>>>
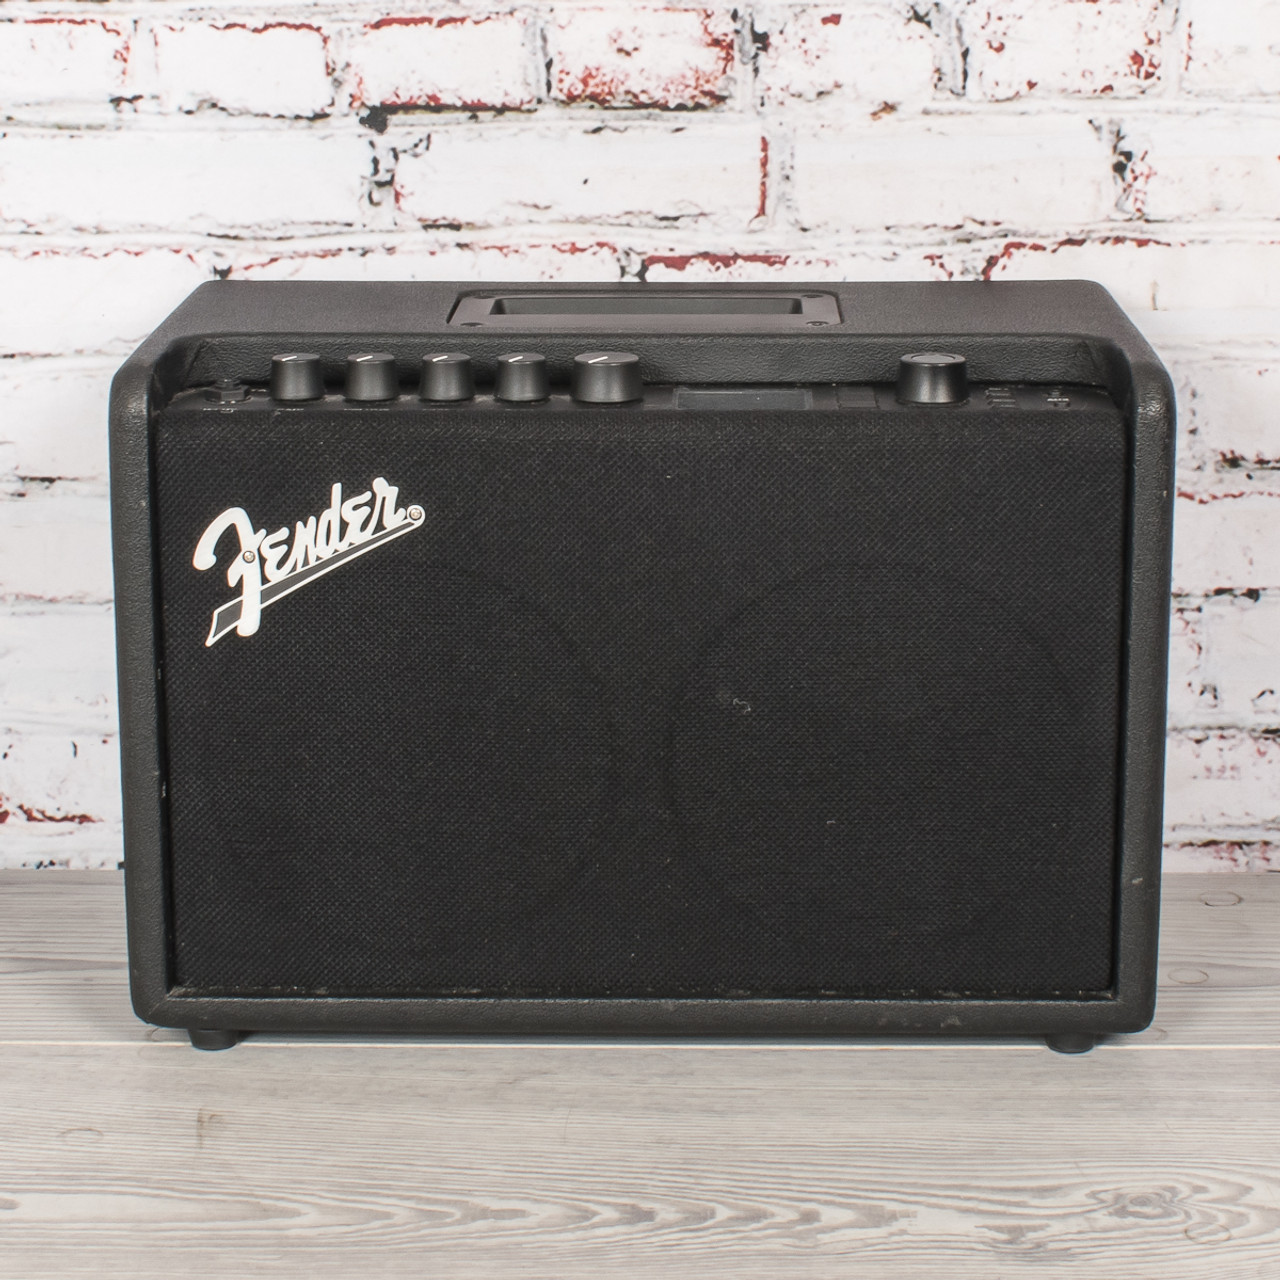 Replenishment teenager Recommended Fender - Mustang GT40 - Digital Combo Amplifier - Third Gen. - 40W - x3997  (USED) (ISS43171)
<<<
>>>
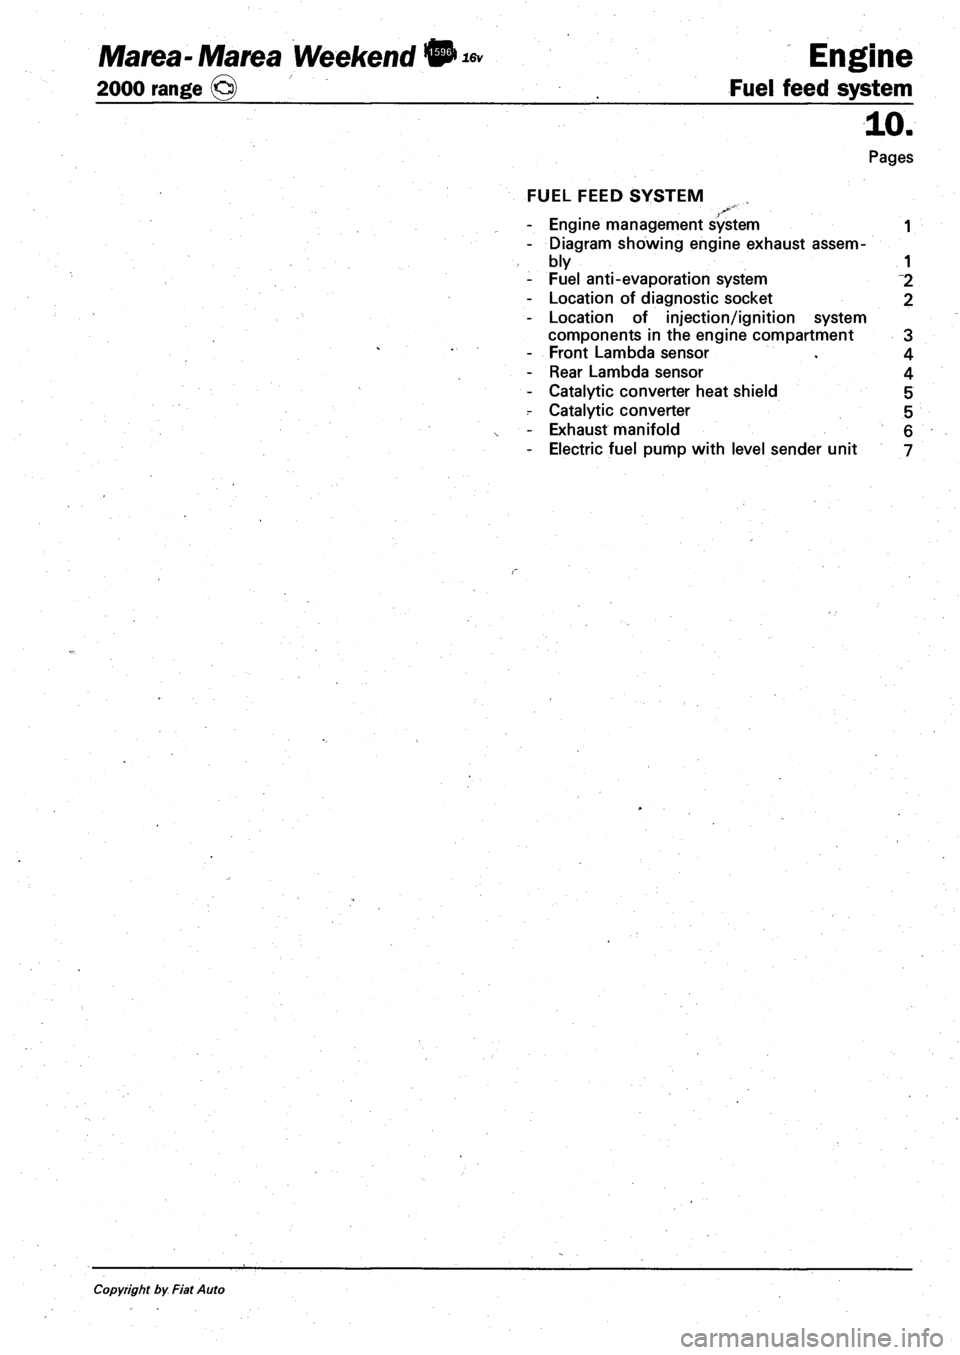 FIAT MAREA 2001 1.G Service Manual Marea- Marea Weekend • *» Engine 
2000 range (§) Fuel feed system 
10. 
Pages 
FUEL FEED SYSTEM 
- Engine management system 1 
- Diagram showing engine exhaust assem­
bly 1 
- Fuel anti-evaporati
<<<
What you have to do: Send back exactly the lines of the listing above starting at the one with "- Diagram showing engine exhaust assem­" and ending at the one with "- Fuel anti-evaporati", inclusive, and no others.

Response:
- Diagram showing engine exhaust assem­
bly 1 
- Fuel anti-evaporati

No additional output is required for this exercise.